**Description of the task:**
Repeat the data in full and exactly. Leave the pictures out.

--- Input data Enclosed Below ---

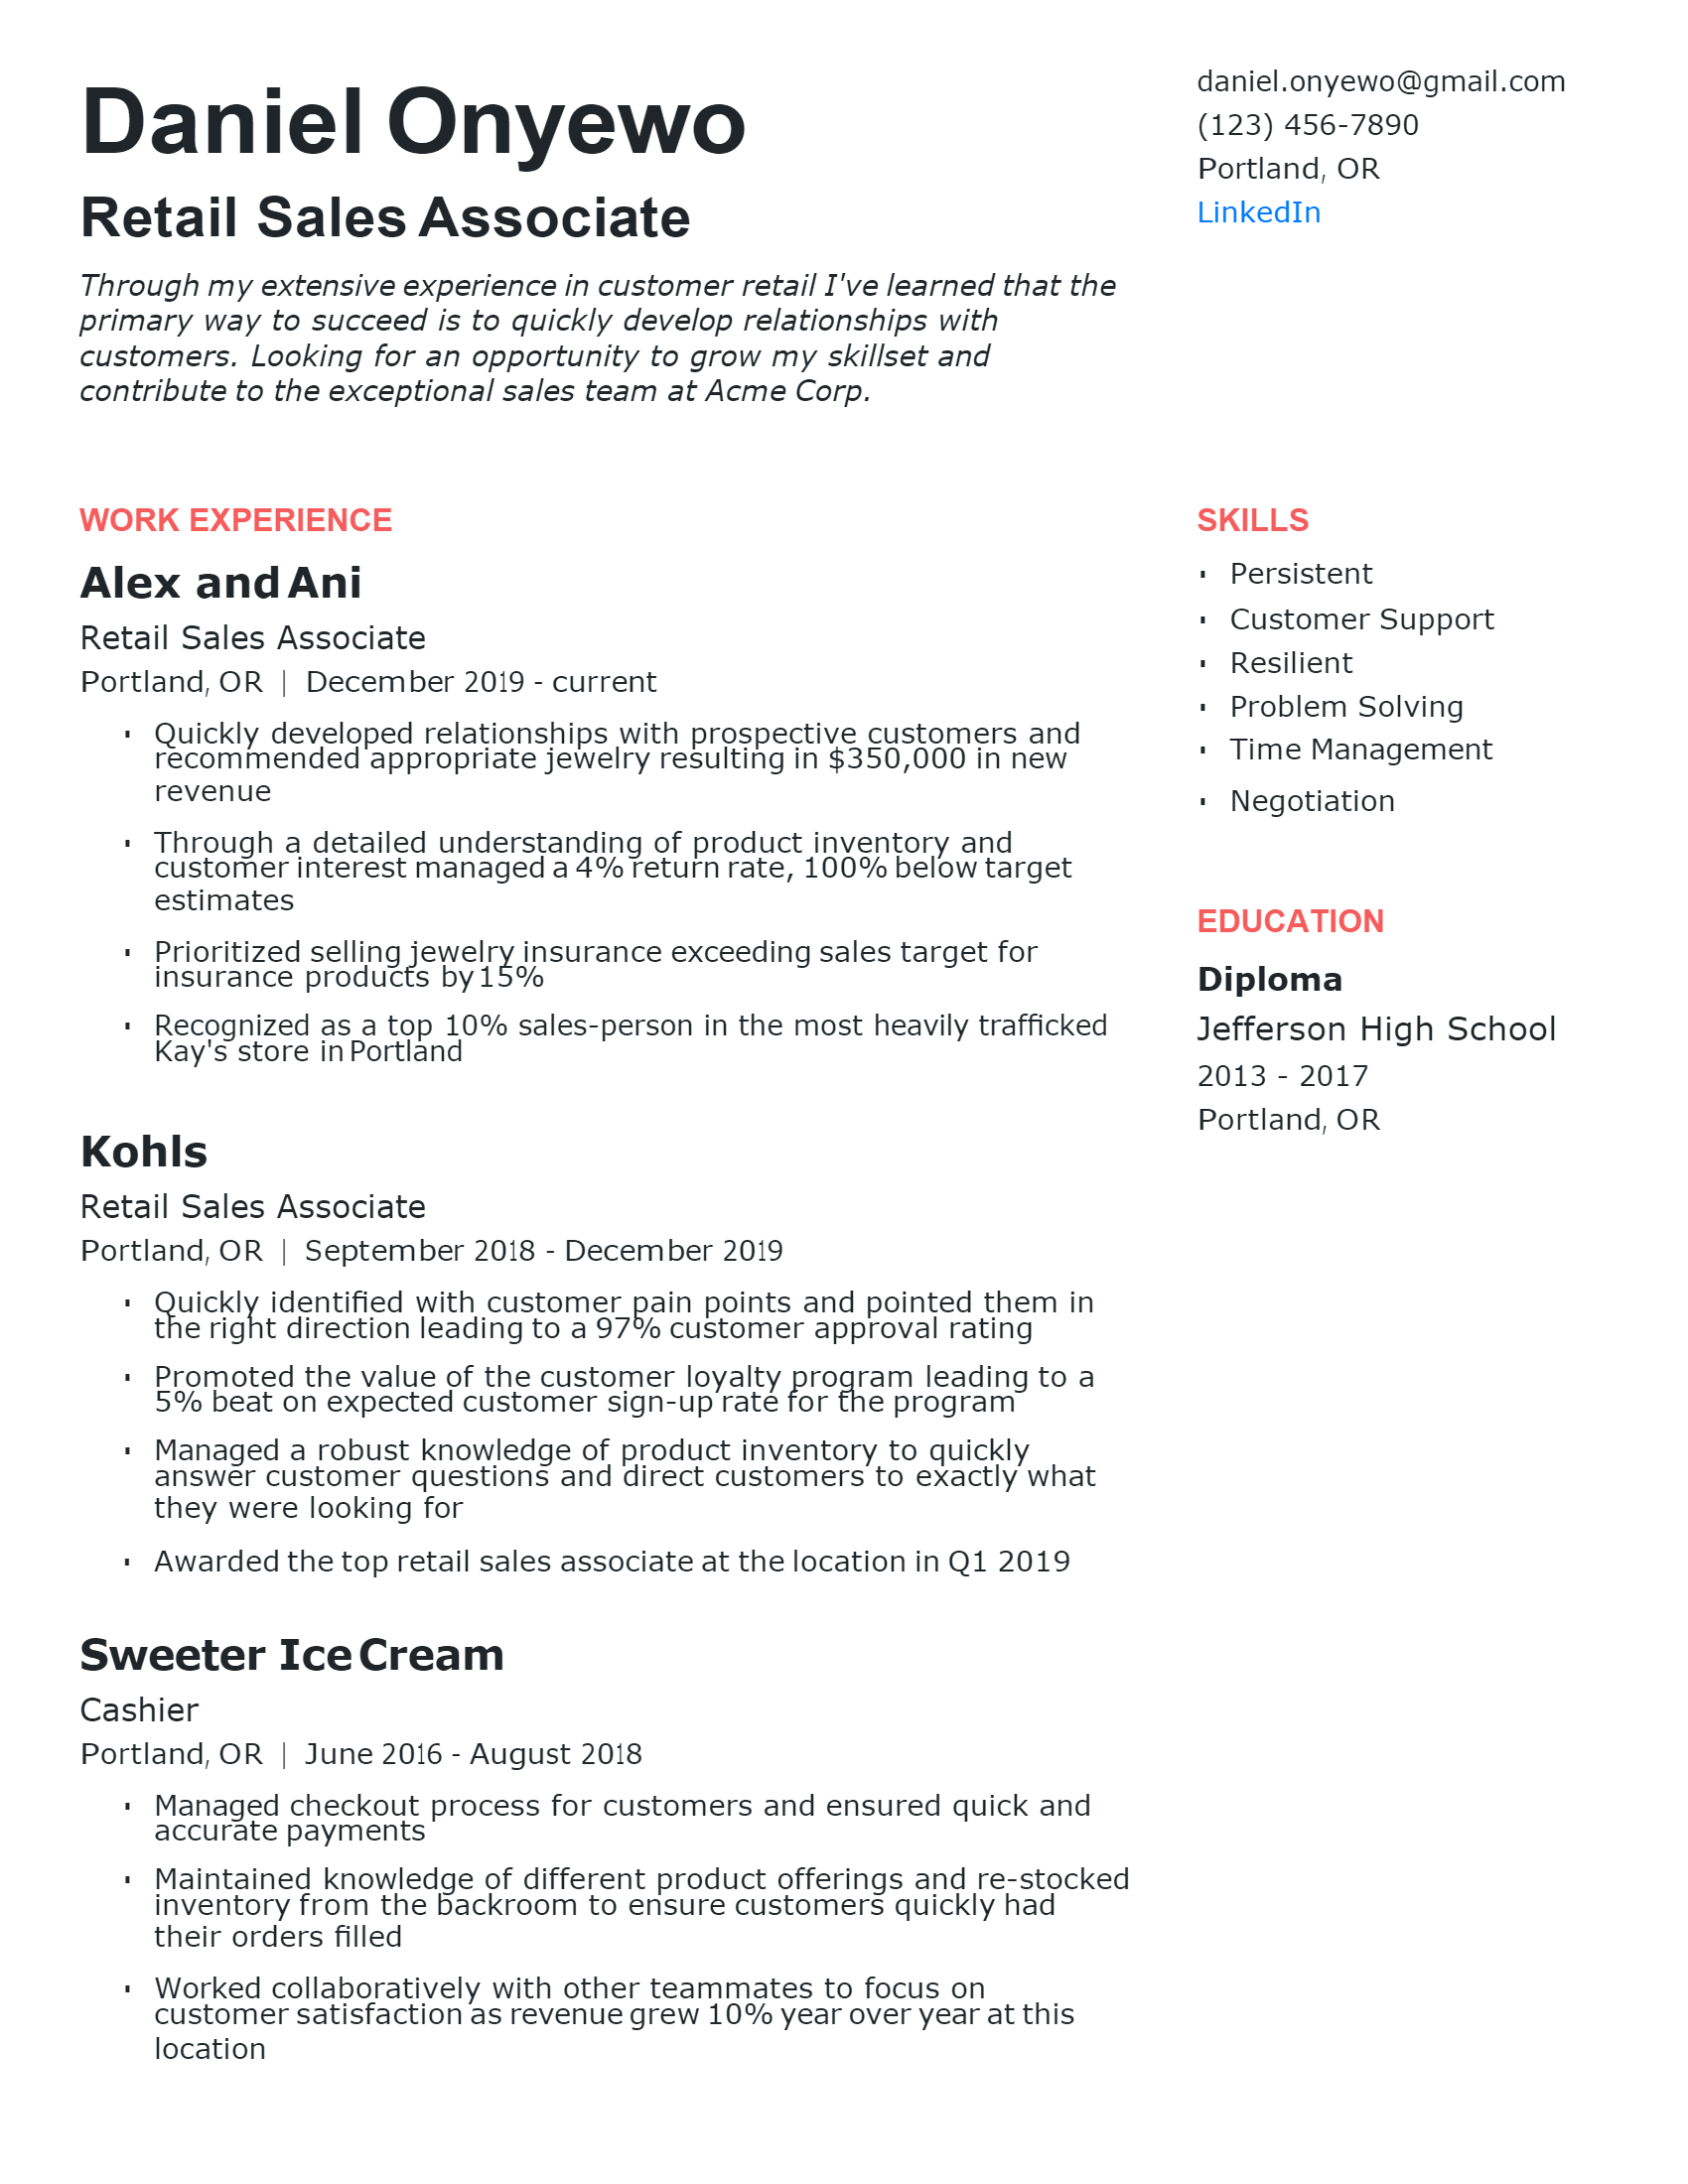 Retail Sales Associate Resume
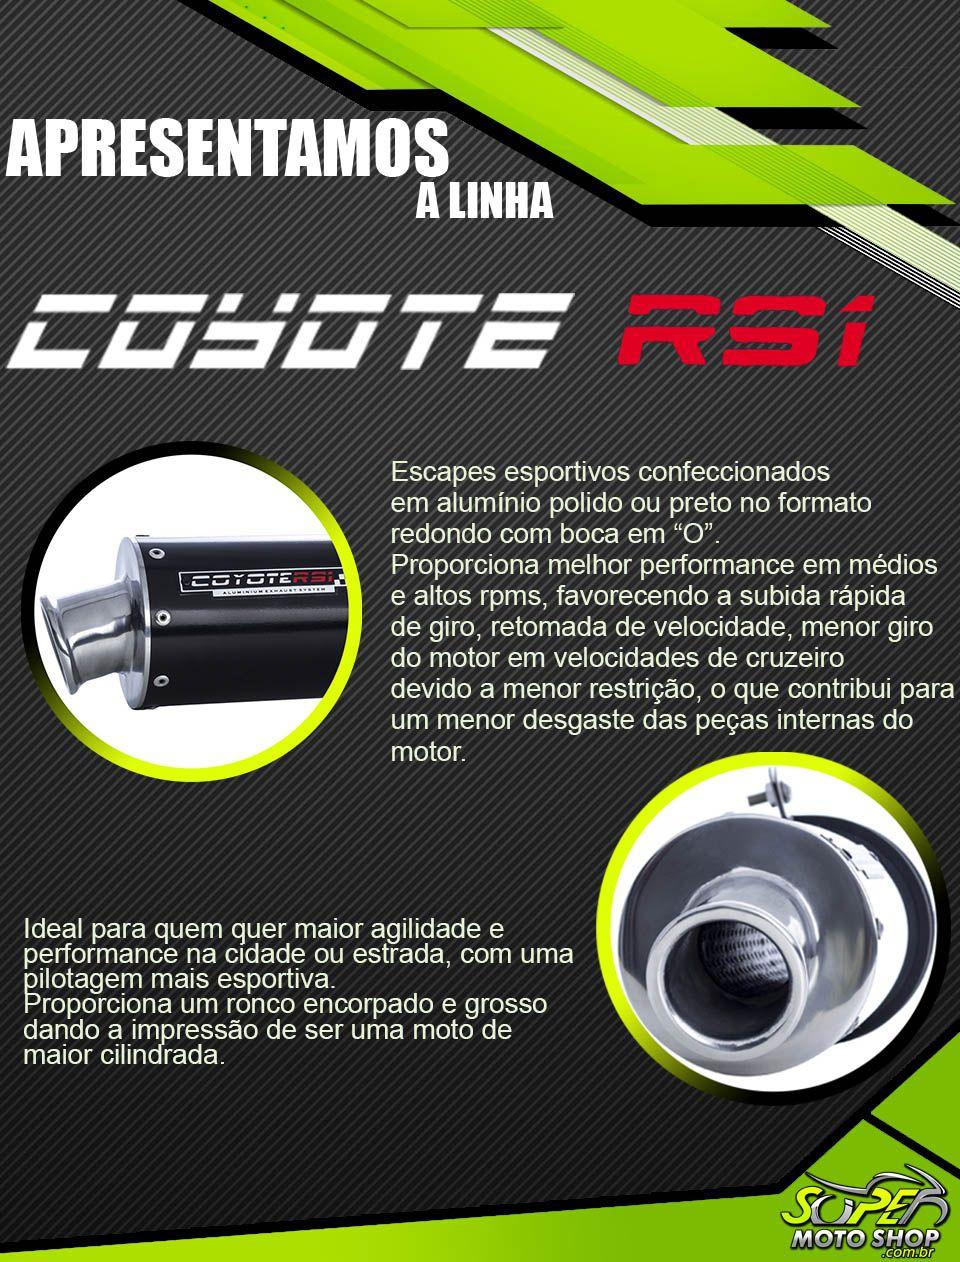 Escape / Ponteira Coyote RS1 Aluminio Redondo - Bandit N/S 1200 ano 2007/2008 - Suzuki
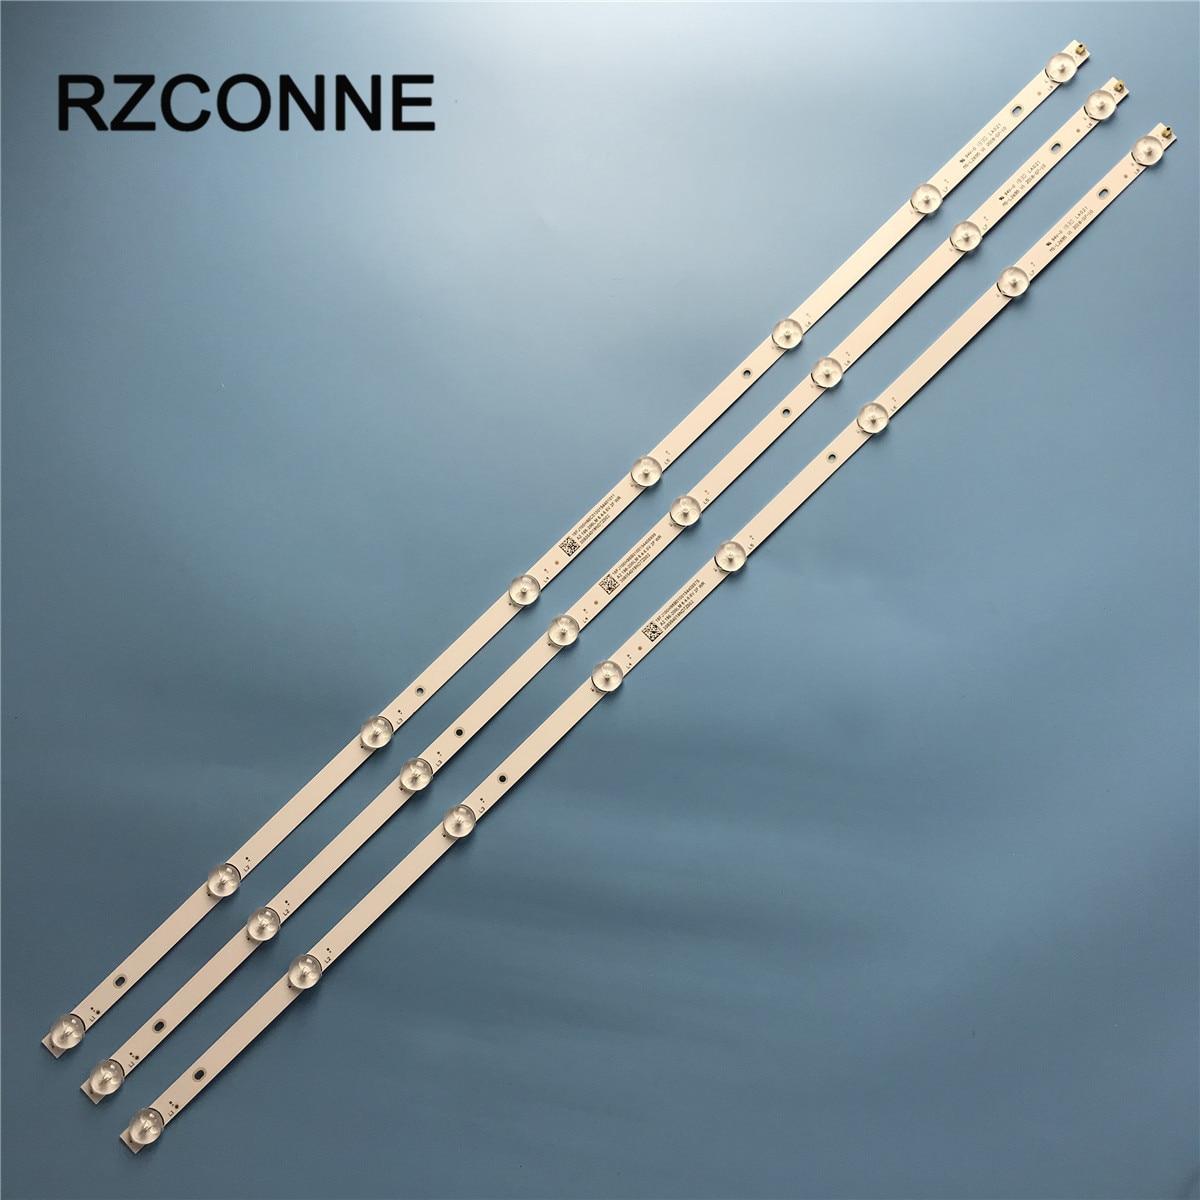 LED الخلفية قطاع 8 مصابيح MS-L2695 V1 Rca Rtv4019sm 6V/LED 750 مللي متر

--- End of Enclosed Input data ---

**Problem solution:**
 Retail Sales Associate Resume
 Escape / Ponteira Coyote RS1 Aluminio Redondo - Bandit N/S 1200 ano 2007/2008 - Suzuki
 LED الخلفية قطاع 8 مصابيح MS-L2695 V1 Rca Rtv4019sm 6V/LED 750 مللي متر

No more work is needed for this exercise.